FAQs: School Advice
State or private? How do we choose?
To pay or not to pay? That’s the real question. It’s a dilemma many parents find more problematic than any of Hamlet’s trivial musings. For, if it costs £100,000 plus to educate a child privately from nursery to university, it doesn’t take a financial genius to work out that considerable sacrifices may have to be made if school fees are on the agenda.
In Britain, those with surplus wealth or aristocratic lineage have always paid for schooling, as much to ensure their child makes the right social connections as the right exam grades. In a New Labour world, however, the Old Boy network is not as powerful as it once was and, if all you’re after is a place at a good university, the state system can generally serve pretty well.
Sensible consumers of private schooling should be objective about their aims (and their means) before rushing into the purchase of this very expensive product. Many buyers would be well advised to adapt according to the local facilities and the varying needs of their children.
If mix and match is what you’re after, when to pay will depend on where you live (are there league-table topping primaries, comprehensives, grammar schools?); the sex of your child (in general pay for boys before girls, they need all the help they can get); the religion you practise (become a Catholic and go straight to education heaven); and of course upon your child’s personality and ability.
Private education, like the best hotels, offers a quality of service that can rarely be matched by the state. The facilities are generally outstanding, the tailor-made attention reassuring. But the teaching in state schools is frequently as good (if not better) and some nice-to-have extras, fencing lessons or foreign trips, can always be paid for separately to enhance a no-frills curriculum.
Since the introduction of the National Curriculum and the competitive energy put into SATS a good local primary school is no longer a rarity. You should, without too much difficulty, be able find one that will teach your child to read and write fluently and achieve a sound level of verbal and numerical understanding by the age of 11. (Look out in particular for those where a sizeable chunk of Year 6s achieve Level 5 in their Key Stage 2 SATS). Music, drama and sport are also all now incorporated in the government’s prescription for a successful education, and the best schools will approach these creatively and imaginatively.
State primaries usually work best if you have a child who finds little difficulty with the three Rs . And those with serious learning difficulties, too, particularly if they are ‘statemented’ (officially recognised as needing support), can be well catered for with focused attention at no extra charge.
Children in the middle, however, can be the most problematic. A hard-pressed teacher with a mixed-ability class of 30 may not have the time to concentrate on those who are doing ‘fine’, and if you’ve got an under-confident, just-getting-by child, a private school can certainly add an extra fillip in the early years, both academically and socially.

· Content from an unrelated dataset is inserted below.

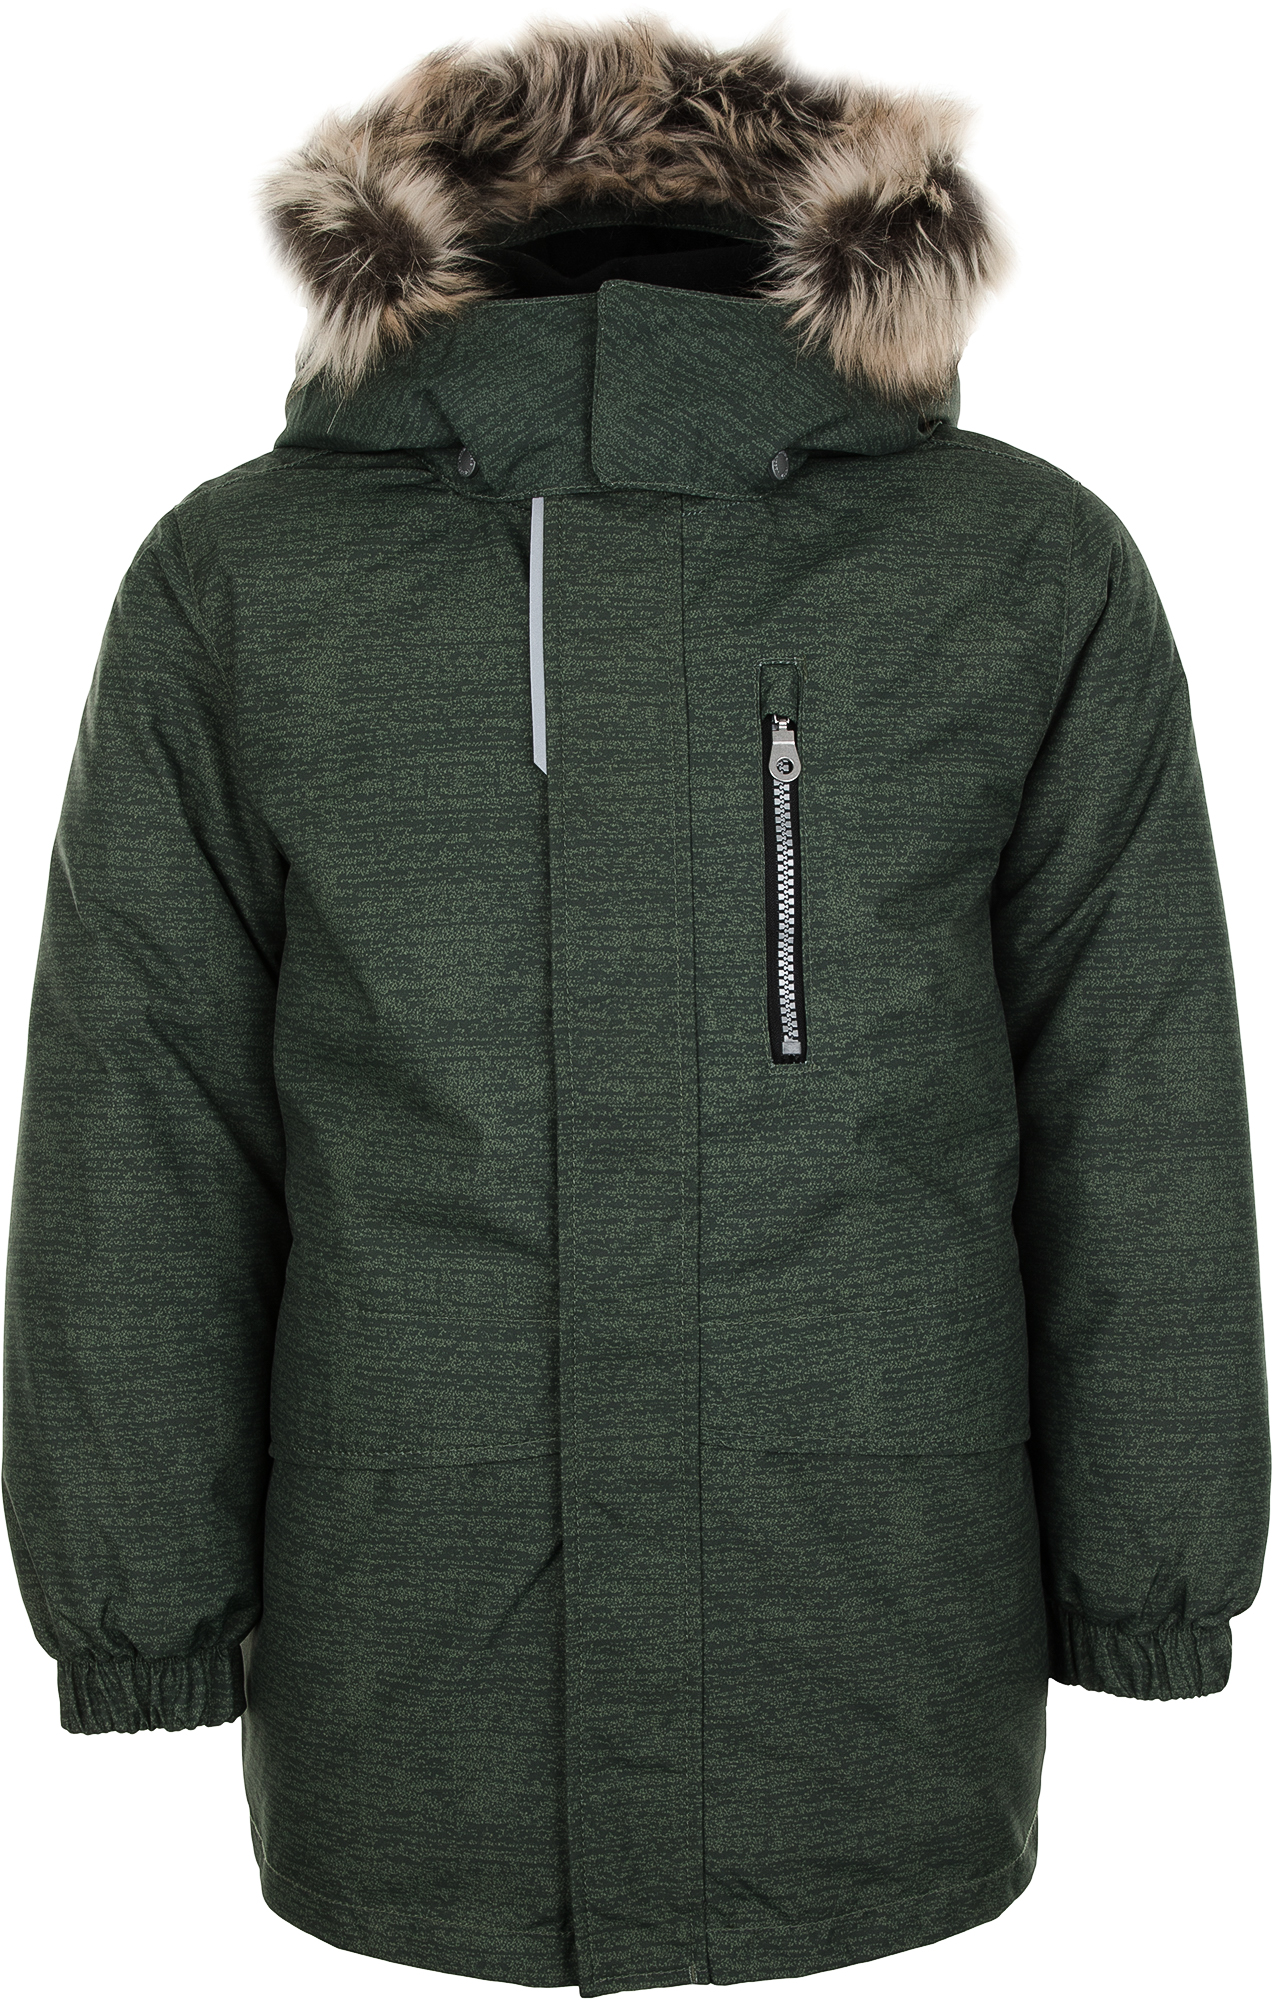 цена на Lassie Куртка утепленная для мальчиков LASSIE Yanis, размер 134

In the past many users left the state system at 7, but nowadays if you want to make that particular exit, you should bear in mind that, particularly in London, the leap from local primary to over-subscribed prep is one of the most difficult to execute. Even the brightest will usually need some form of specialist preparation.

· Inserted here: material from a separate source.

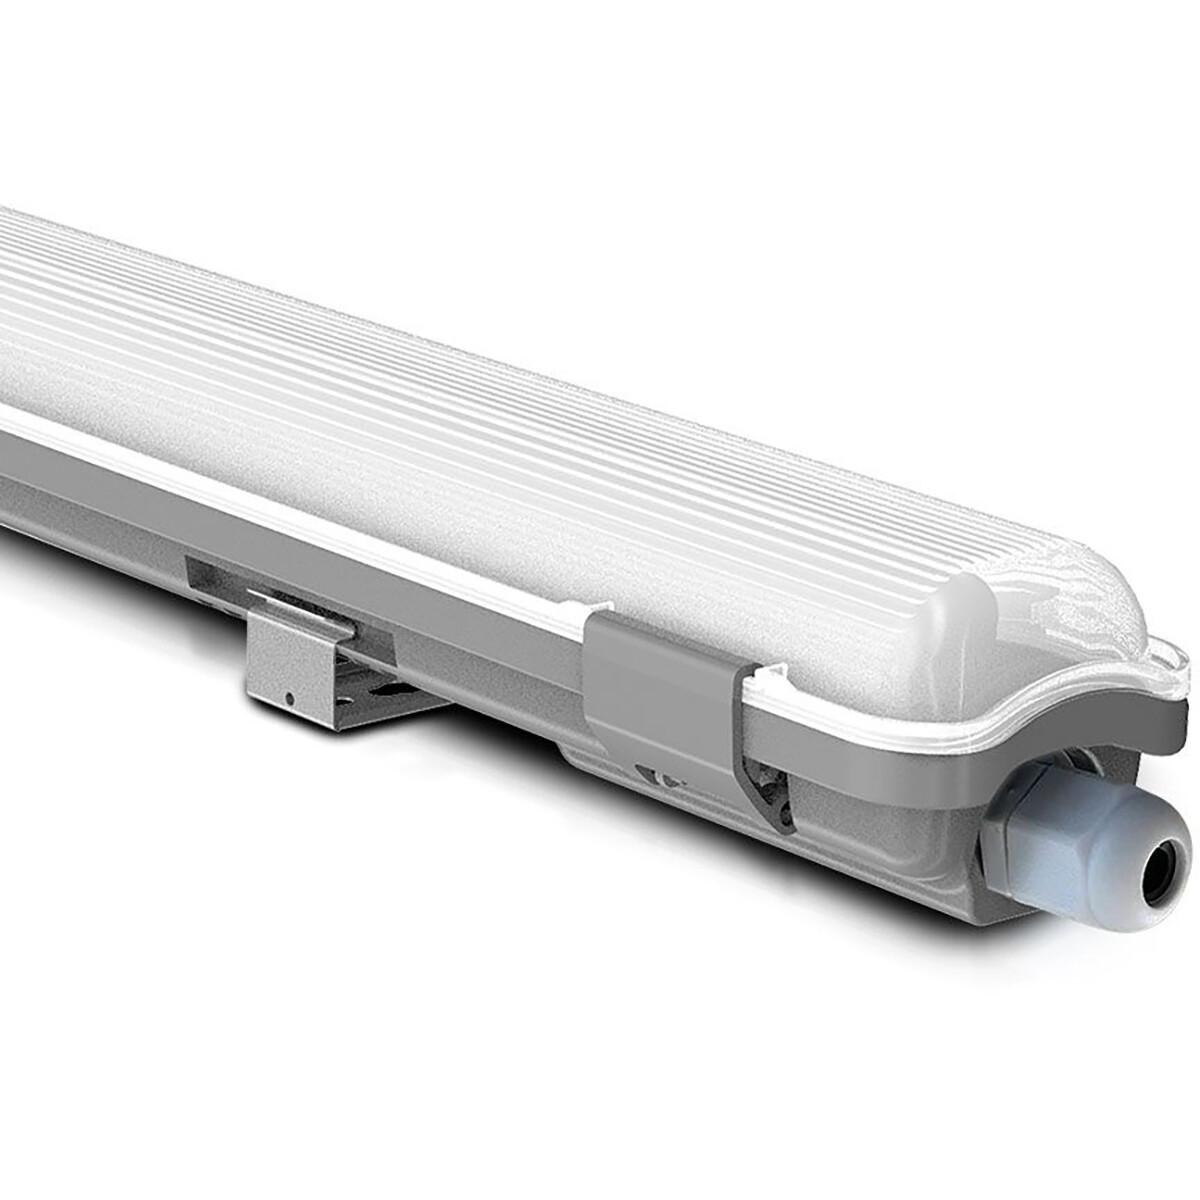 LED TL Armatuur met T8 Buizen - Viron Truno - 60cm Dubbel - 20W - Helder/Koud Wit 6400K - Mat Wit - Kunststof

Today, the most common transition is at 11, where good comprehensives and grammar schools are more of a rarity. Independent urban day schools, ever mindful of their League Table position, go out of their way to attract the brightest and the best and put a significant emphasis on IQ, allowing some leeway in exam technique to state-school candidates to ensure they’re not ignoring unpolished diamonds for well-coached mediocrities.
But IQ is certainly not the only factor and parents keen to leap this hurdle would be well advised to hire a tutor (or tutor themselves) from the middle of Year Five, not only to prepare their child for the idiosyncratic, time-pressured verbal and non-verbal reasoning tests, but also to ensure their maths and literacy are competition fit.

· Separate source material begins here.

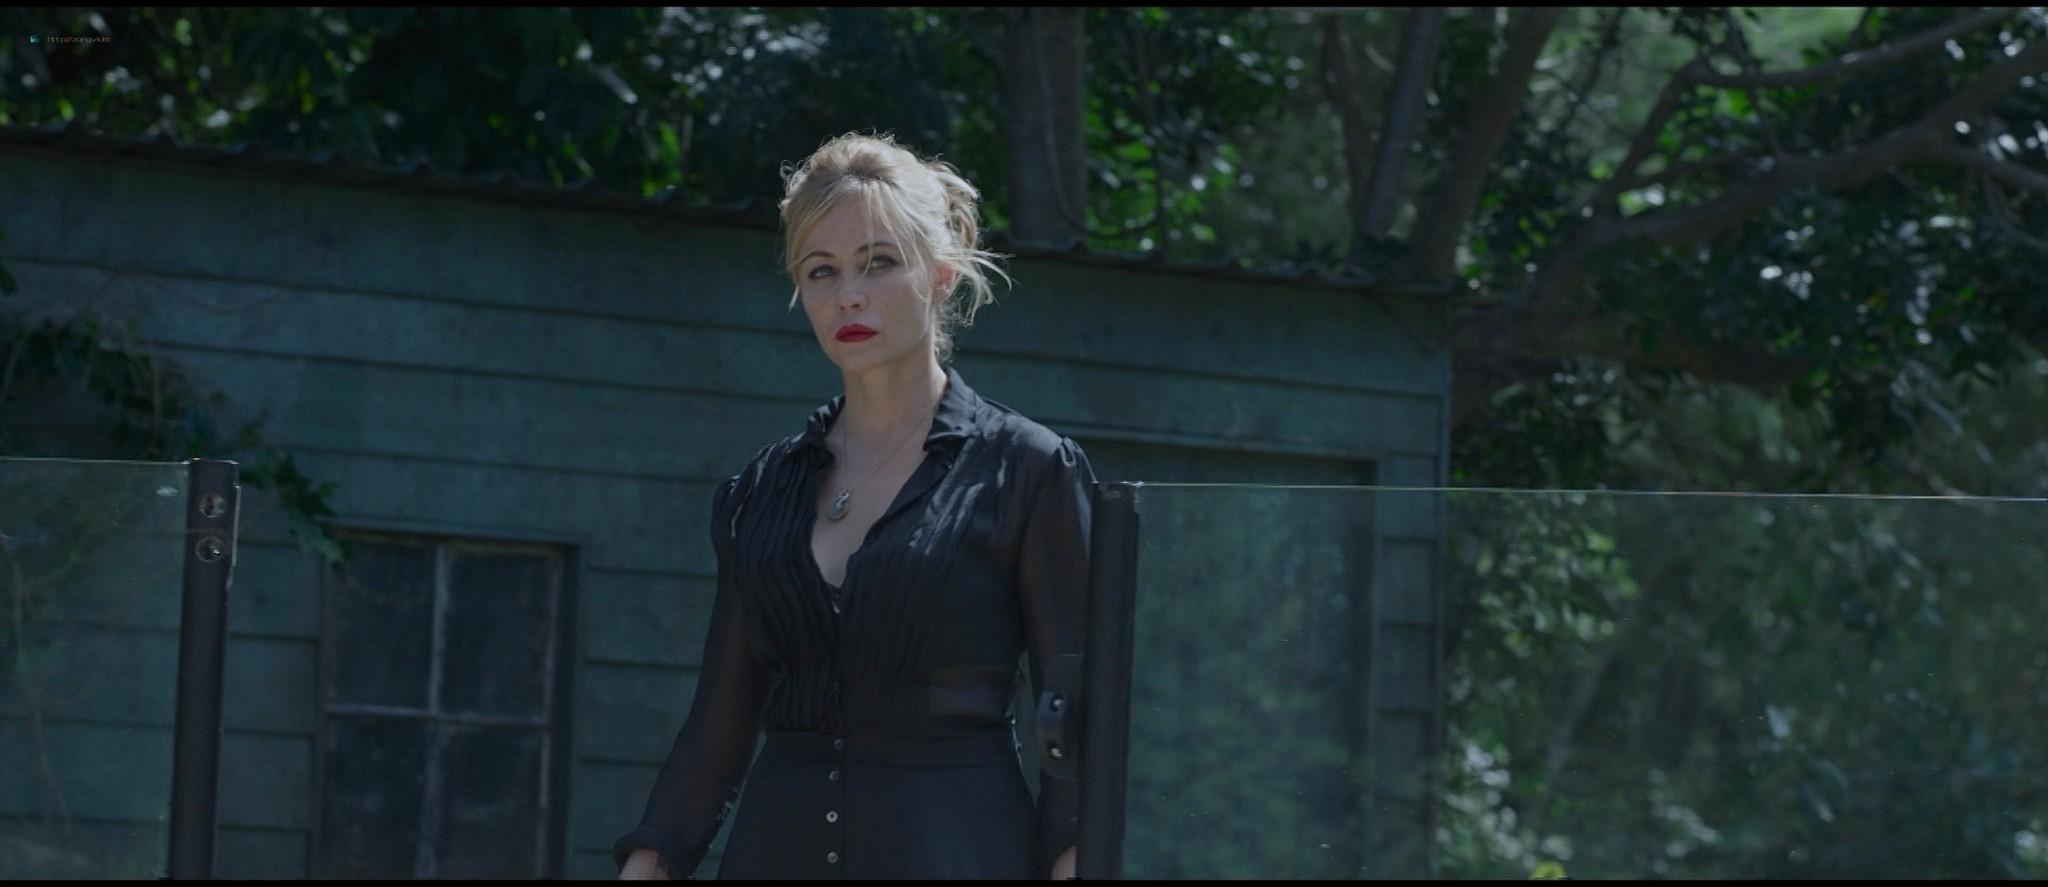 Emmanuelle Béart nude brief topless - My Mistress (AU-2014) HD 1080p BluRay (14)

For those with a particularly able child and a well-placed house there are also the country’s 164 remaining grammar schools to consider and some people choose to pay at primary hoping to ensure a child is ahead in the race for a selective-school place.
If this is your intended strategy be aware that grammar schools,who are not allowed to interview, are even more dependent on IQ scores than the independent sector, and if you feel your child doesn’t have the raw material to compete in these amazingly cut-throat exams, then be sure you’re armed with a strong alternative.
If money is tight, the years after GCSE can be a good time to return to the state, since there’s considerably more flexibility than at eleven. Catchment areas are not so regimented, grown children can travel further, and a well-prepared private-school candidate with a clutch of A* stars stands an excellent chance in the race for a grammar-school place.
A Levels, however, are also the make-and-break years as far as university is concerned and an immature child in a big state sixth form could perform significantly less well than in the carefully monitored environment of a private school. If Oxbridge, too, is your goal, you’re still far more likely to reach those dreaming spires from an independent than from a ‘bog-standard’ comprehensive.
For those with a gifted child, the independent sixth form offers some enticing transfer deals and, if your son or daughter has outstanding musical or academic ability , sporting or artistic flare, it’s at this point you’re most likely to find someone to pay the fees.
Whatever way you choose to play the education game you must always remember that no move is final. If something’s not working for you or your child, at any point, it’s almost always possible to change schools, and can sometimes be easier to do so when everyone else is already in place.